Oxfam chief executive Mark Goldring is being summoned to fight for his job before a committee of MPs as questions mount about the charity’s response to sexual abuse allegations.
The cross-party International Development Select Committee has called a special hearing for Tuesday next week to grill Oxfam officials and civil servants about what they knew and what action they took.
A bishop warned this morning that the public were outraged by the “hypocrisy” of a charity that hailed its own good works while falling short of the standards that people expected.
Philip North, the Bishop of Burnley, used the Thought for the Day slot on Radio 4’s Today show to say that before the news that Oxfam workers in Haiti used young women and girls for sex, it was “hard not to be impressed by the sheer goodness” of its work abroad.
“Why have the revelations about staff using prostitutes done Oxfam quite so much damage?” asked the Church of England clergyman.
“I think it is because of a widespread cultural abhorrence of hypocrisy.
“If a charity claims to stand up for truth and justice and fairness, people understandably feel extremely shocked when staff are undermining those values through their moral choices.”
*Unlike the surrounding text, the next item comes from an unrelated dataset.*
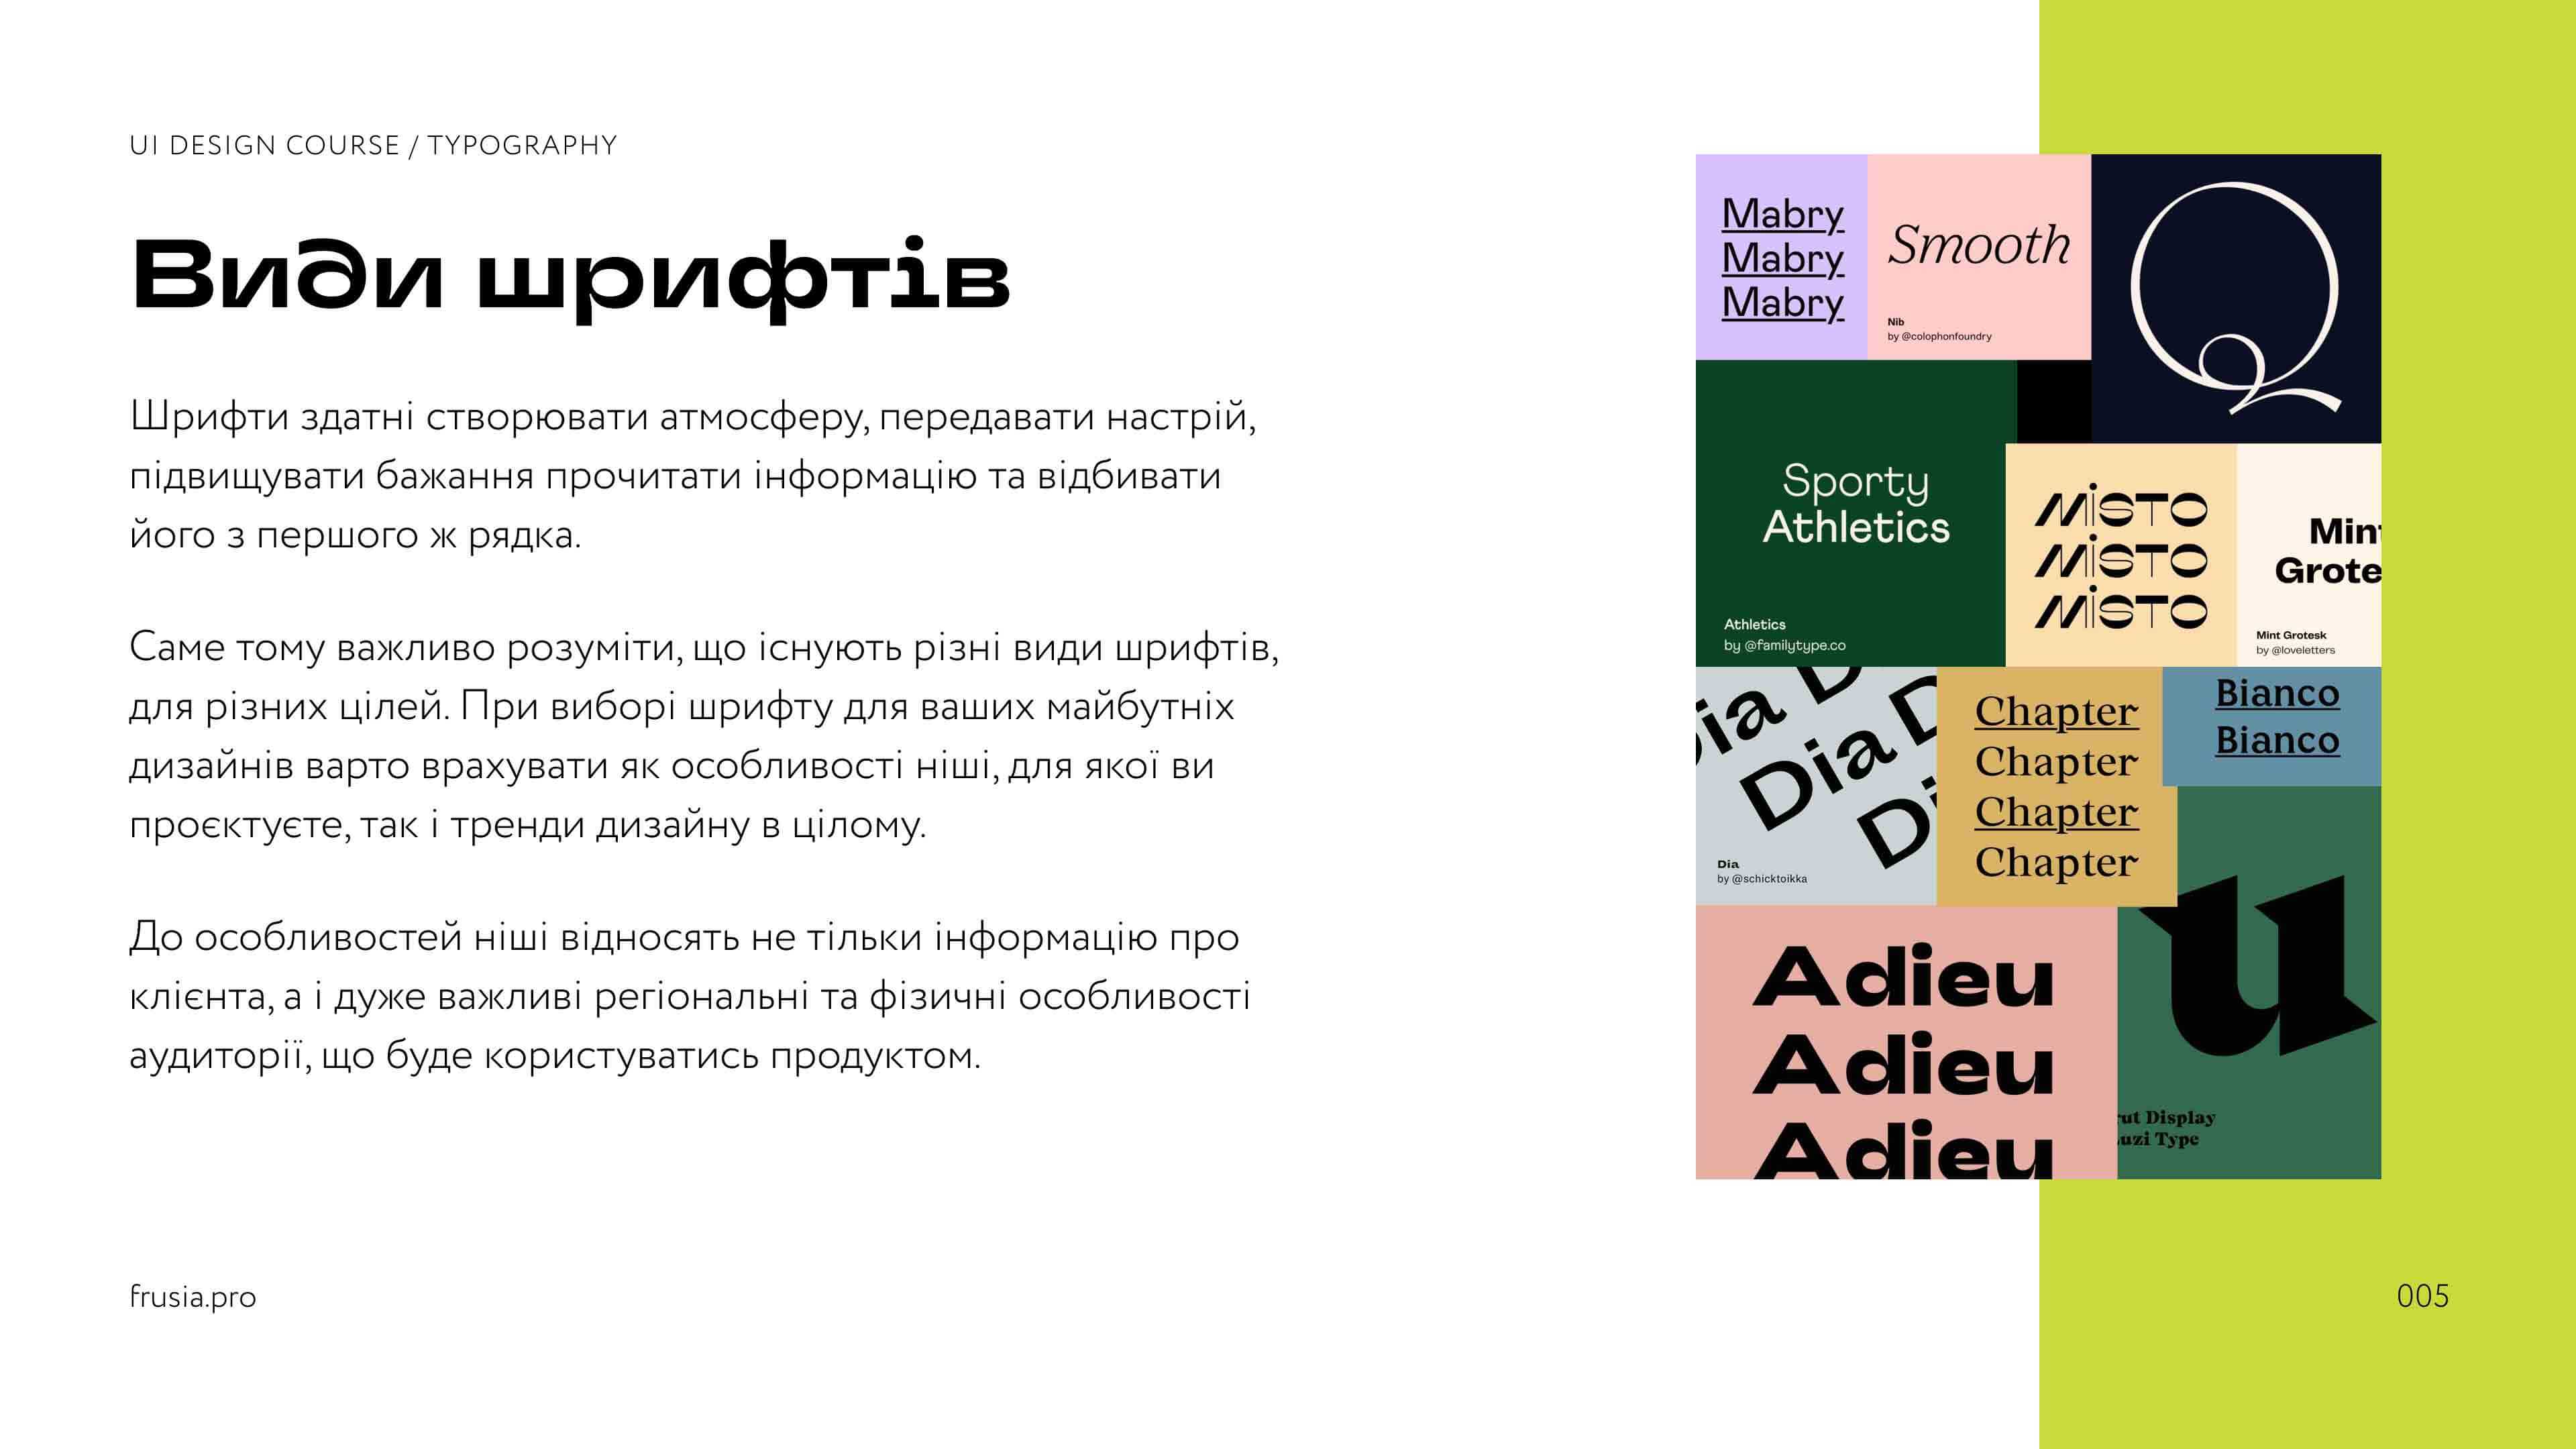 Гайд з типографіки для UI дизайнерів
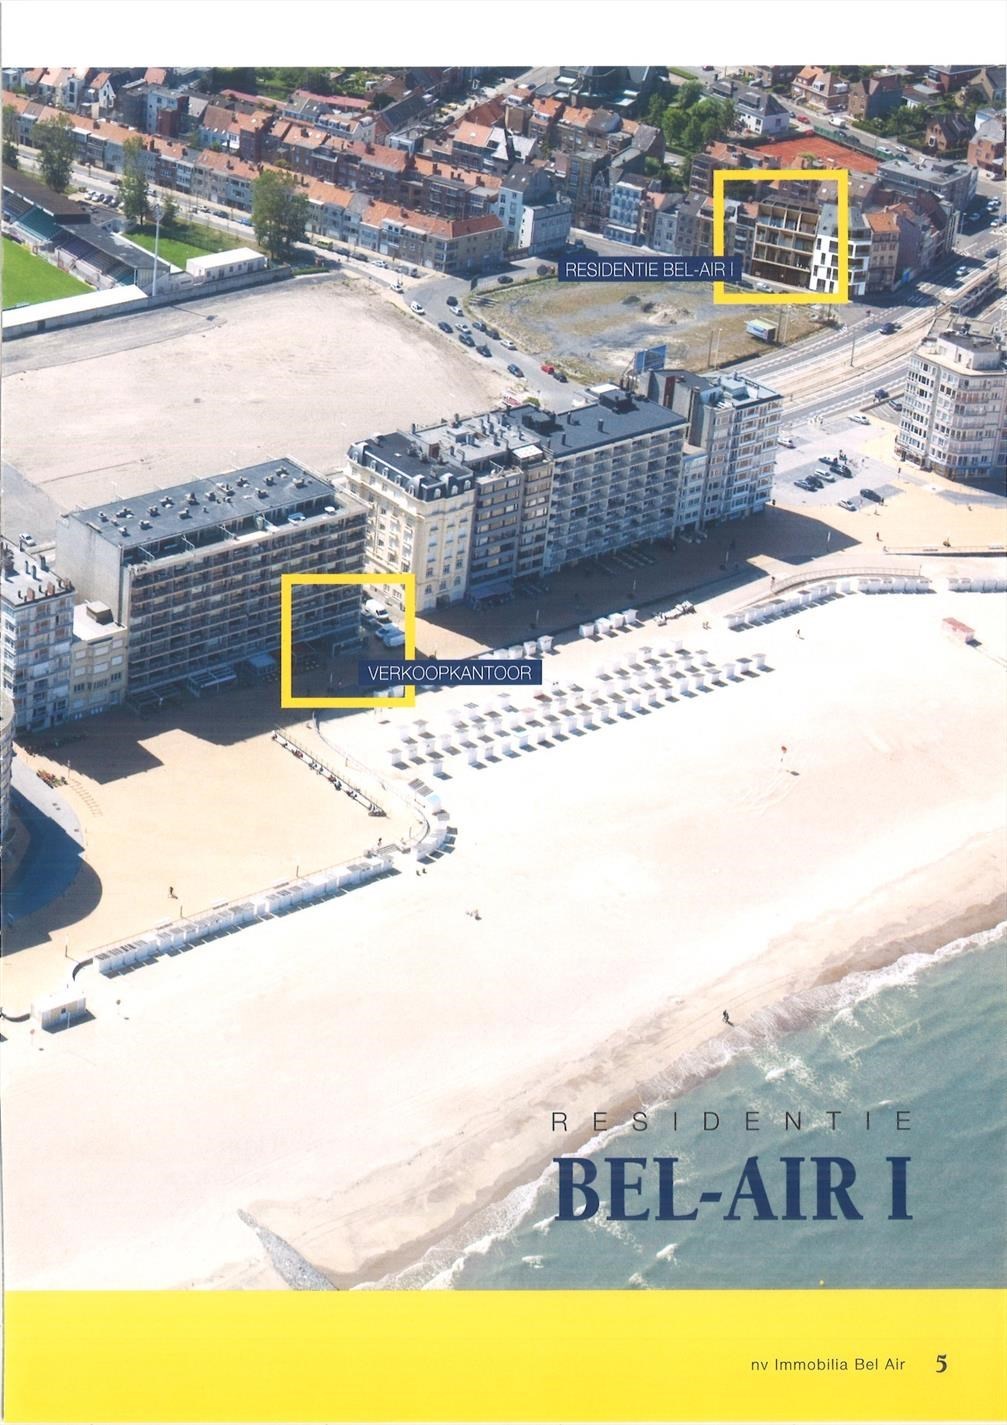 Nieuwbouwproject Bel  Air   I te   Oostende  dicht bij het Strand (lateraal zeezicht).     Terrasresidentie  gekenmerkt door  z'n mooie architectuur.     3de  v foto 5

Tory MP Nigel Evans, a member of the Commons committee, said they expected Mr Goldring to personally attend on Tuesday to answer claims that he was warned of multiple allegations of abuse by aid workers and even volunteers in the charity’s shops.
“I want him to come to Parliament and answer these questions himself, and then we can gauge if he is fit for purpose,” he said.
Paul Scully, another committee member, said: “What concerns me is the drip feed of allegations that keep coming out.” Asked if he had confidence in Mr Goldring, he said: “I think we need to get to the bottom of the investigation.”
Revelations that 123 volunteers in the UK’s 650 Oxfam shops had been sexually harassed over nine years led the umbrella body for charity shops to re-issue “safeguarding” guidance.
Pressure on Mr Goldring intensified after Helen Evans, Oxfam’s former global head of safeguarding, said she begged senior staff, ministers and the regulator to act on allegations.
In a single day, three new allegations were made against Oxfam staff overseas.
She told Channel 4 News: “There was one of a woman being coerced to have sex in a humanitarian response by another aid worker, another case where a woman had been coerced in exchange for aid and another one where it had come to our attention where a member of staff had been struck off for sexual abuse and hadn’t disclosed that.”
Mr Goldring’s deputy chief executive, Penny Lawrence, resigned yesterday saying she felt “ashamed” by what had happened on her watch.
However, Mr Goldring seems determined to see out the crisis unless the Oxfam board turns against him.
“If our board turn round and say, ‘Actually, you’re not the right person to lead forward’, then I of course would resign immediately,” Mr Goldring told Channel 4 News last night. The Charity Commission announced a statutory inquiry into what went wrong at Oxfam and whether it was “frank” about the severity of problems in Haiti.
Deputy head of the commission David Holdsworth said: “The issues revealed in recent days are shocking and unacceptable.”
Oxfam issued an “unreserved apology” to donors, supporters and the people of Haiti over its mishandling of disclosures that aid workers paid local women for sex parties in 2011 in the aftermath of a massive earthquake. Staff were allowed to resign and be employed elsewhere in the same sector.
The charity received £31.7 million in Government funding in 2016/17.